• _Information supplied_:
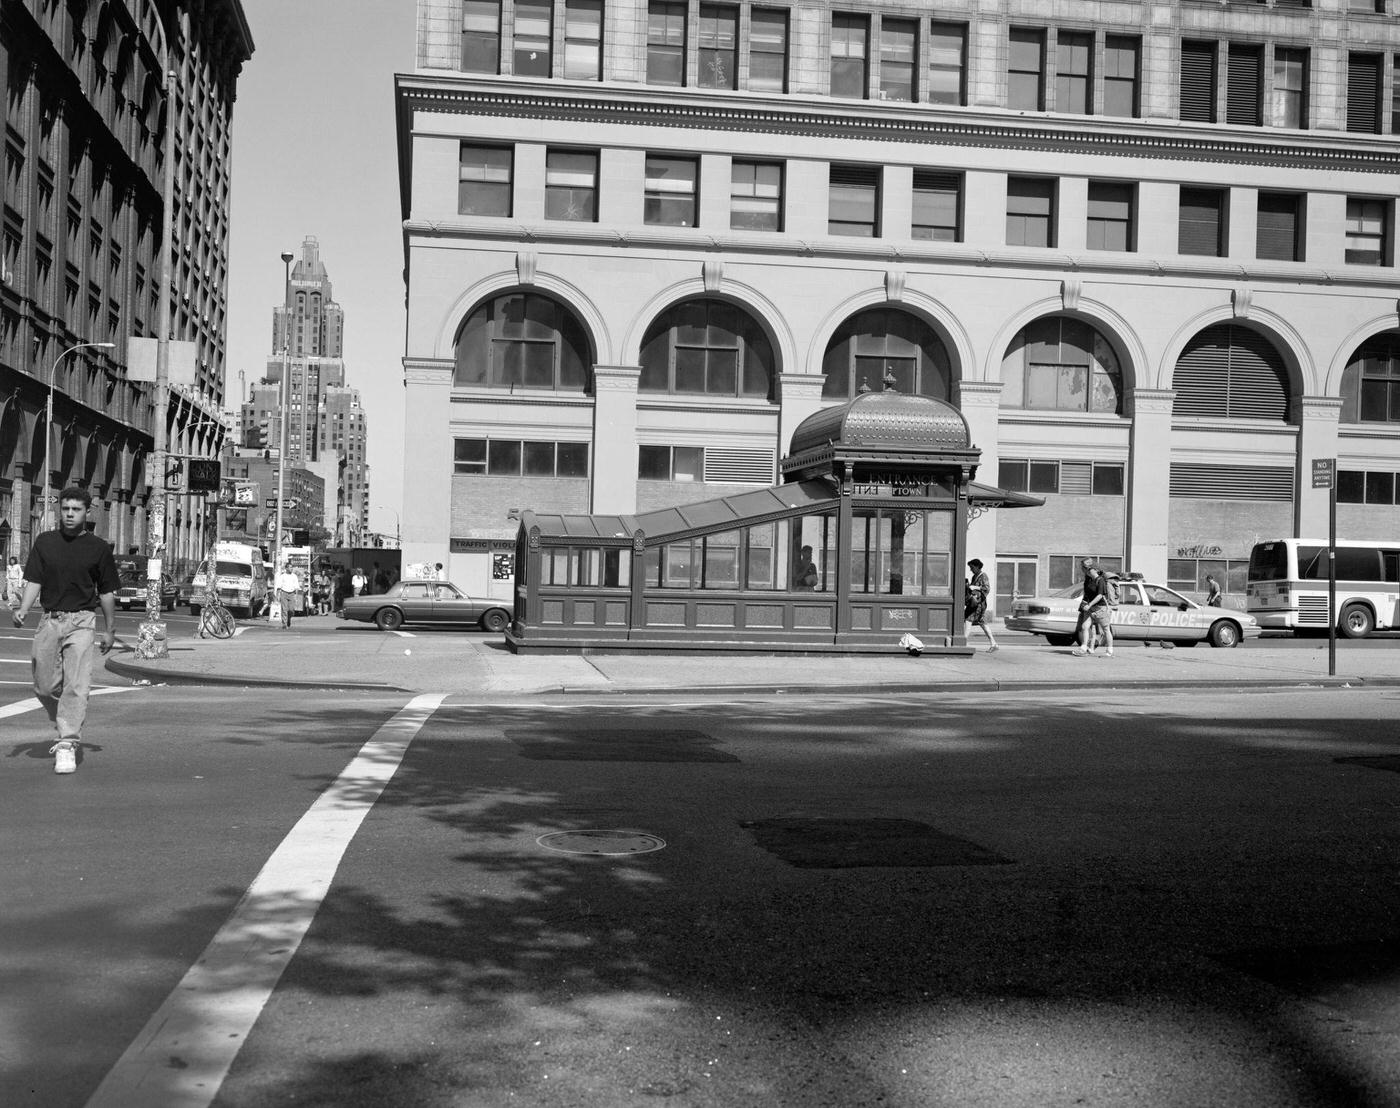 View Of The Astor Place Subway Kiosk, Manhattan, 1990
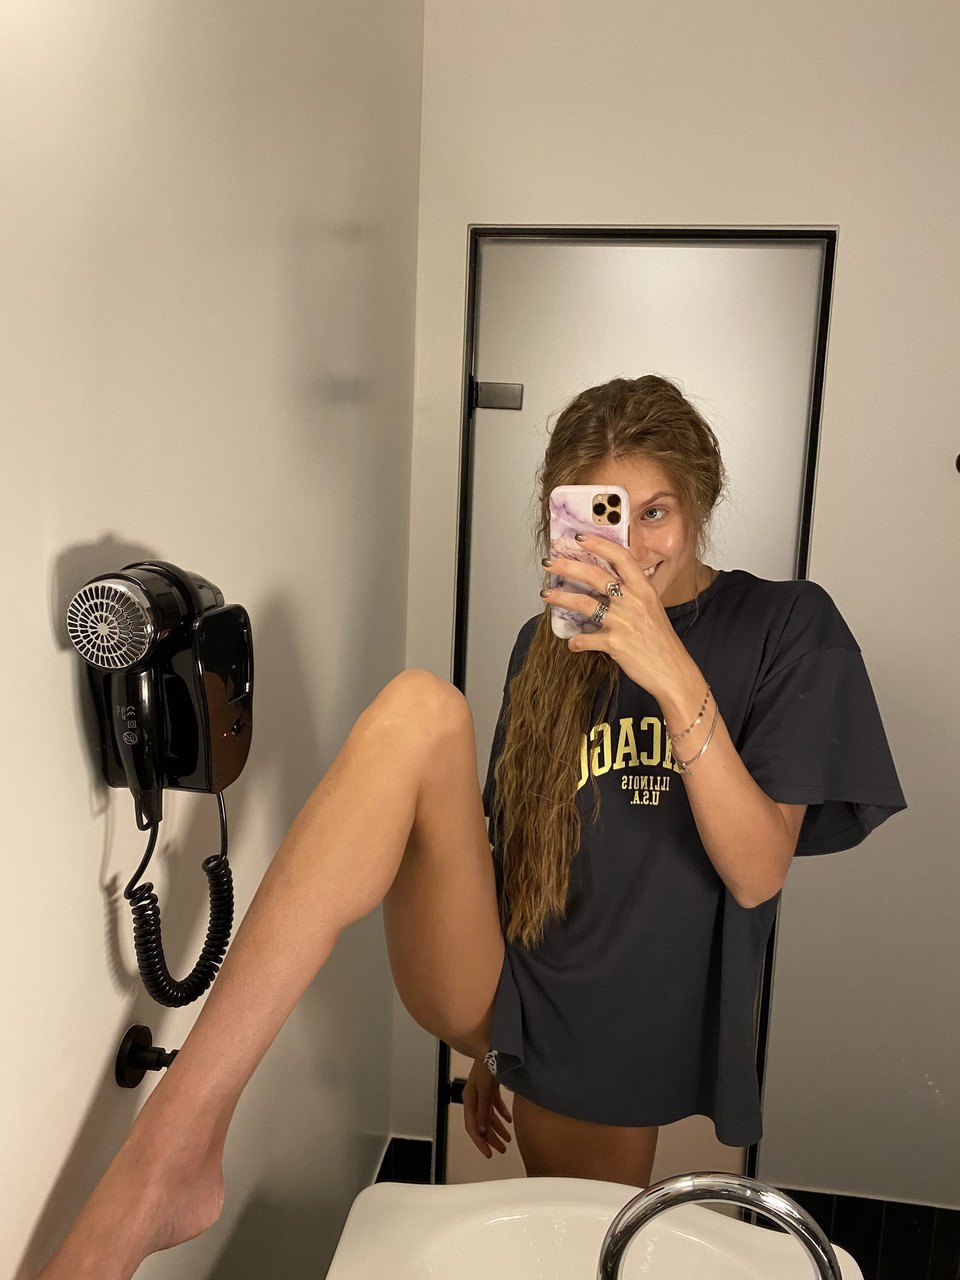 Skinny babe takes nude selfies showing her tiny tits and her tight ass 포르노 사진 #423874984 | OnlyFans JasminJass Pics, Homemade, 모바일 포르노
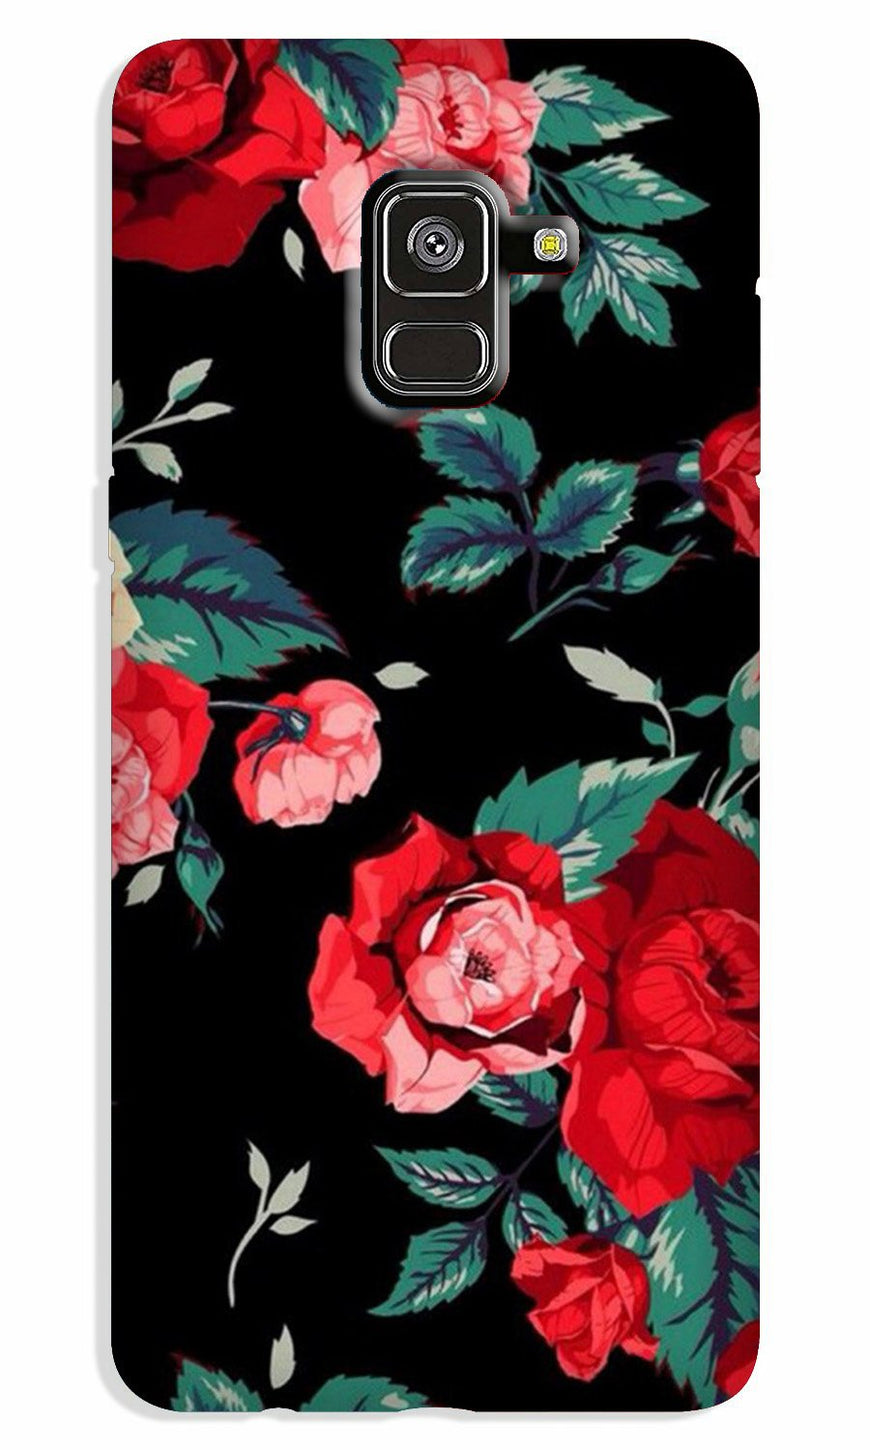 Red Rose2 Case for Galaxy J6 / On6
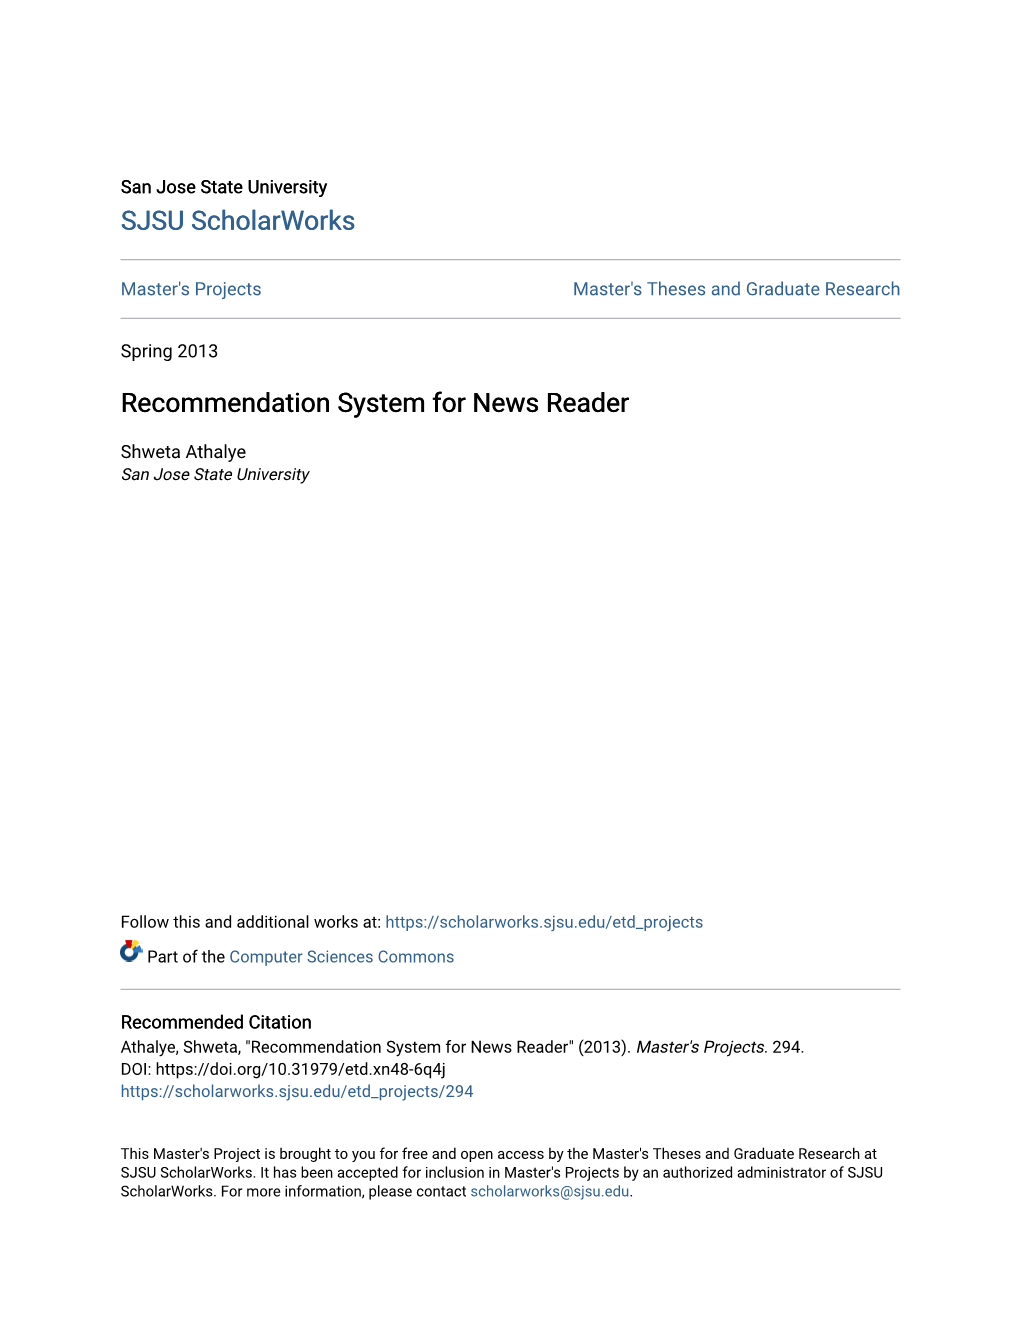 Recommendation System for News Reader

• _Task requirements_:
Reproduce the whole listing above word for word, but not its pictures.

• _Answer space_:
 View Of The Astor Place Subway Kiosk, Manhattan, 1990
 Skinny babe takes nude selfies showing her tiny tits and her tight ass 포르노 사진 #423874984 | OnlyFans JasminJass Pics, Homemade, 모바일 포르노
 Red Rose2 Case for Galaxy J6 / On6
 Recommendation System for News Reader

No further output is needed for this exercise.